■ **What to work on**
Set down the listing below verbatim, but only from its first line through the line containing "Stockworth Logo".

________________________________________

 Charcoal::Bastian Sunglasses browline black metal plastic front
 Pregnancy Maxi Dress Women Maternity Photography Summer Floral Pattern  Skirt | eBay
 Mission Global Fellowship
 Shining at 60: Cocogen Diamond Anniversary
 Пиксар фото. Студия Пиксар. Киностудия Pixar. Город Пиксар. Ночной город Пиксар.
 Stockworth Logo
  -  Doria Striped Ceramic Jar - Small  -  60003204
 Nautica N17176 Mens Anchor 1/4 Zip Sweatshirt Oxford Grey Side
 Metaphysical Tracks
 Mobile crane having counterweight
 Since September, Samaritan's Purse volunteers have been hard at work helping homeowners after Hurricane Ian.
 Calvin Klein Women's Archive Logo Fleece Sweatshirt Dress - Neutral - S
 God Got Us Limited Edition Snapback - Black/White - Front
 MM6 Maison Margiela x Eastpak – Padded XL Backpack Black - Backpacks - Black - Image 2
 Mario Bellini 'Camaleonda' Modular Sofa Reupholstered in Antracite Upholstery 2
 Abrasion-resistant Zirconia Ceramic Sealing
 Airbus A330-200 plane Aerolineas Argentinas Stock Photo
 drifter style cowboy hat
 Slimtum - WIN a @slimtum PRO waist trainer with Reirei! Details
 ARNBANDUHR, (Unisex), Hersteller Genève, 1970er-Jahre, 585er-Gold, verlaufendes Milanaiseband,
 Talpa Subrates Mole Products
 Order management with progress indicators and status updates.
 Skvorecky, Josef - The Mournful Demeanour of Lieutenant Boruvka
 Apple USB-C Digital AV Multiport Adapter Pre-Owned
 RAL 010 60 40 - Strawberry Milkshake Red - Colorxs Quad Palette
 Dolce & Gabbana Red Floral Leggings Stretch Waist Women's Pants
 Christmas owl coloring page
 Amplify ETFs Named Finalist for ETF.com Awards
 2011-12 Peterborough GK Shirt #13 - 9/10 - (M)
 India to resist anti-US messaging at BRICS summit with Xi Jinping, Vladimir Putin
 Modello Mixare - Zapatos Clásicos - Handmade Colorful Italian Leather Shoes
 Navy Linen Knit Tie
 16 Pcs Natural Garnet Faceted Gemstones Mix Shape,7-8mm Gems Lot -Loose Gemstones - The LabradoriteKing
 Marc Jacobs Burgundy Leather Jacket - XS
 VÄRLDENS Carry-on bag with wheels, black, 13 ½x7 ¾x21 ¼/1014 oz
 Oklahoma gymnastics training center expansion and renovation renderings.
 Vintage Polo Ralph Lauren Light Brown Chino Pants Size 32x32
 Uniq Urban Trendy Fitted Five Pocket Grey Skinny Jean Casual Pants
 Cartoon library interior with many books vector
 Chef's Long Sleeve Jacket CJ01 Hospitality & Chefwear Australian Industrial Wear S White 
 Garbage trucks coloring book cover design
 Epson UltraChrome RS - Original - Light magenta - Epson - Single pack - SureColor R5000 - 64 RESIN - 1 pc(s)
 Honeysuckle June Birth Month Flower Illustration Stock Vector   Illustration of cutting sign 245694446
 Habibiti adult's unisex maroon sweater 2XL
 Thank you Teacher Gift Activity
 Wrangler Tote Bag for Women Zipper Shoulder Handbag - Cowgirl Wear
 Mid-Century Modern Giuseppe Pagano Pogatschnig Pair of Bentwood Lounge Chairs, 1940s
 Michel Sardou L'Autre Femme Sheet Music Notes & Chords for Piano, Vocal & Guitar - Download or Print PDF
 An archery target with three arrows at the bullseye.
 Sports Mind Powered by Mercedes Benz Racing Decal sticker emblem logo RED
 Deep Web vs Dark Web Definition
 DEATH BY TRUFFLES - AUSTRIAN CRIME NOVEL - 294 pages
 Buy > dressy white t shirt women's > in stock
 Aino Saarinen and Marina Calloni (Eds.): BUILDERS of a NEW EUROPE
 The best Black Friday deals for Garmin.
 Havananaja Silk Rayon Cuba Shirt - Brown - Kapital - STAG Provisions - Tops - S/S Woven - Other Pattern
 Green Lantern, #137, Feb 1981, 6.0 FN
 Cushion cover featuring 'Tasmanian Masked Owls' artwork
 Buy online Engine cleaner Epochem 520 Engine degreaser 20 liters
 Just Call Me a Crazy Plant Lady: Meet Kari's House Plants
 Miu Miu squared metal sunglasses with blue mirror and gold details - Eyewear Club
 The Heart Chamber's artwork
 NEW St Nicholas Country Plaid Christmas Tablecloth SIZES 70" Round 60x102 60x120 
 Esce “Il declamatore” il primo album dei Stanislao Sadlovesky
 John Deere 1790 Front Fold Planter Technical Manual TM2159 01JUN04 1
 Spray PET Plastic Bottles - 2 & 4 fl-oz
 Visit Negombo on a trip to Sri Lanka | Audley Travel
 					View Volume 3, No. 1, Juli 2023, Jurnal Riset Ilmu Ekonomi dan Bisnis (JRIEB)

________________________________________

■ **The completed task**
 Charcoal::Bastian Sunglasses browline black metal plastic front
 Pregnancy Maxi Dress Women Maternity Photography Summer Floral Pattern  Skirt | eBay
 Mission Global Fellowship
 Shining at 60: Cocogen Diamond Anniversary
 Пиксар фото. Студия Пиксар. Киностудия Pixar. Город Пиксар. Ночной город Пиксар.
 Stockworth Logo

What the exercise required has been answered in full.